Santo Agostinho dizia que Deus nos doou dois livros: A Bíblia e a Natureza. É preciso cuidar bem da natureza, que é vida, para poder entender a Bíblia.
A natureza é casa para todos e portanto não pode ser tratada como um objeto qualquer, usando e abusando dos recursos naturais com ganância, com egoísmo. Todos tem direito a desfrutar da natureza.
Em meio a este mundo caótico é preciso resgatar a riqueza simbólica da Eucaristia: - sobre o altar estão os frutos da terra e do trabalho humano. Ao nos alimentarmos da Eucaristia é preciso ter consciencia de que a terra é mãe-geradora de vida para todos; - a água simboliza a natureza humana que se transforma no divino sangue de Cristo; - o ar também presente no altar é alimento importante envolvendo-nos durante nossas celebrações. Não podemos nos acomodar e permitir que nossos recursos naturais sejam poluídos. Que a celebração da Palavra e da Eucaristia nos faça reagir diante da degradação produzida pelos próprios humanos.

Ir. Marlene Bertoldi
Coordenadora Arquidiocesana de Catequese

"UM ESPELHO DA VIDA"
Is 40, 12-13a; 28-29; 31

Quem foi que na concha da mão
calculou toda a água que há no mar?
Quem mediu a palmos o céu?
Quem pôs no alqueire todo o pó da terra inteira?
Quem calculou o peso das montanhas
ou pôs as serras na balança?
Quem terá orientado o espírito do Senhor?
Acaso não sabes?

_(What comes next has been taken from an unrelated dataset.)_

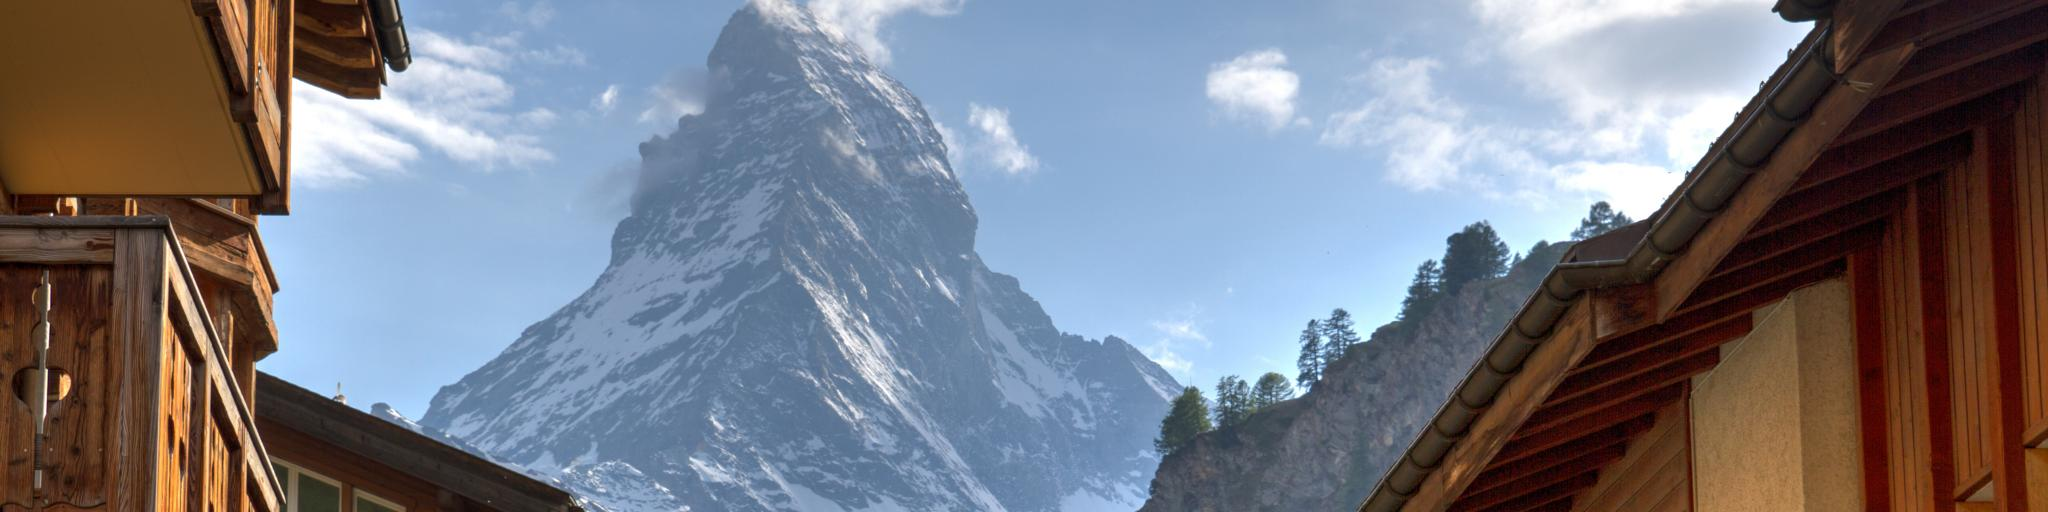 The Matterhorn mountain looms behind the buildings of Zermatt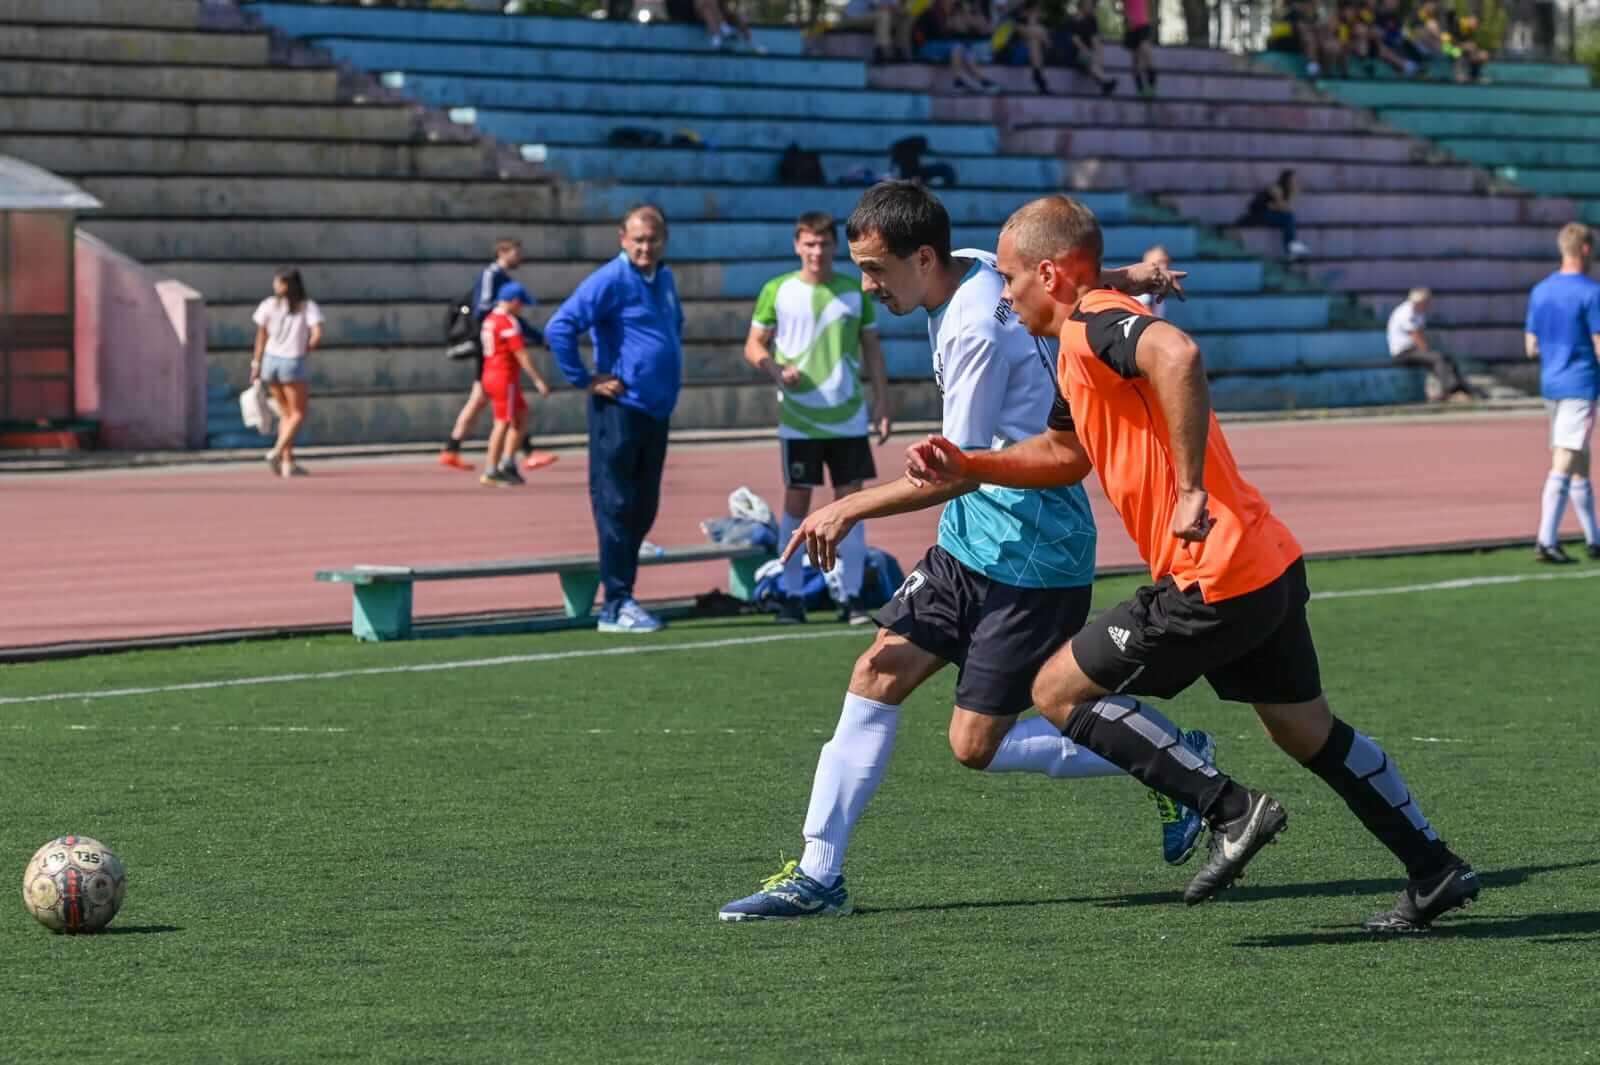 В Иркутске 10 сентября стартует XXXII турнир по мини-футболу памяти Л.П. Перминова

Ainda não ouviste falar?
O Senhor é o Deus eterno!
Foi ele quem criou toda a extensão do mundo.
Ele não corre, nem se cansa,
nem é possível pesquisar sua inteligência.
É ele que dá ânimo ao cansado,
recupera as forças do enfraquecido.
Os que esperam no Senhor
renovam suas forças,
criam asas como águia,
correm e não se fadigam,
andam, andam e nunca se cansam.

Introdução
O profeta quer convencer os exilados em Babilônia de que os ídolos dos opressores nada são. Não são os deuses da Babilônia que agem, mas o Senhor YHWH. Assim, critica qualquer forma de idolatria, sobretudo do poder e da riqueza. O texto também mostra que Deus é sempre maior do que nossos planos; ele nos ultrapassa infinitamente não podemos perscrutar seus caminhos.

1º passo: Saborear o texto
Leia o texto algumas vezes. O que chama mais sua atenção? O que Deus poderia acrescentar mais em favores, prodígios e benefícios?

2º passo: Ver a realidade da vida
.Há "deuses falsos" em sua vida? Você espera a felicidade de quem? De quê?
.O progresso material não assegura a felicidade. Já experimentou isto? Como foi esta experiência?
.Quais são ou foram os momentos mais felizes na sua vida neste último mês? O que lhe fez tão feliz?
.Foram aspectos materiais ou outros valores?
.Muitas vezes, não entendemos os caminhos de Deus. Interrogamos o Senhor: "Que foi que fiz para merecer isto? Por que me tratas assim?" Esta leitura dá alguma resposta, uma nova perspectiva?
.Leiamos agora, na Bíblia, Is 40,12-31.

3º passo: Momento para falar com Deus
.A partir da realidade da sua vida, escreva um "salmo" expressando seus sentimentos. (Se a reflexão for feita por mais pessoas, os diversos "salmos" podem ser lidos e comentados, depois, pelo grupo).
.Escolha um versículo que muito lhe tocou e deixe-o ressoar no seu coração durante o dia.

(É interessante ler, em tempo oportuno, Jó, cap. 38 e 40,1-5. Jó não está entendendo porque está sofrendo tanto e pede a Deus uma explicação. Deus não dá uma resposta, mas interroga Jó que se rende ao mistério insondável de Deus).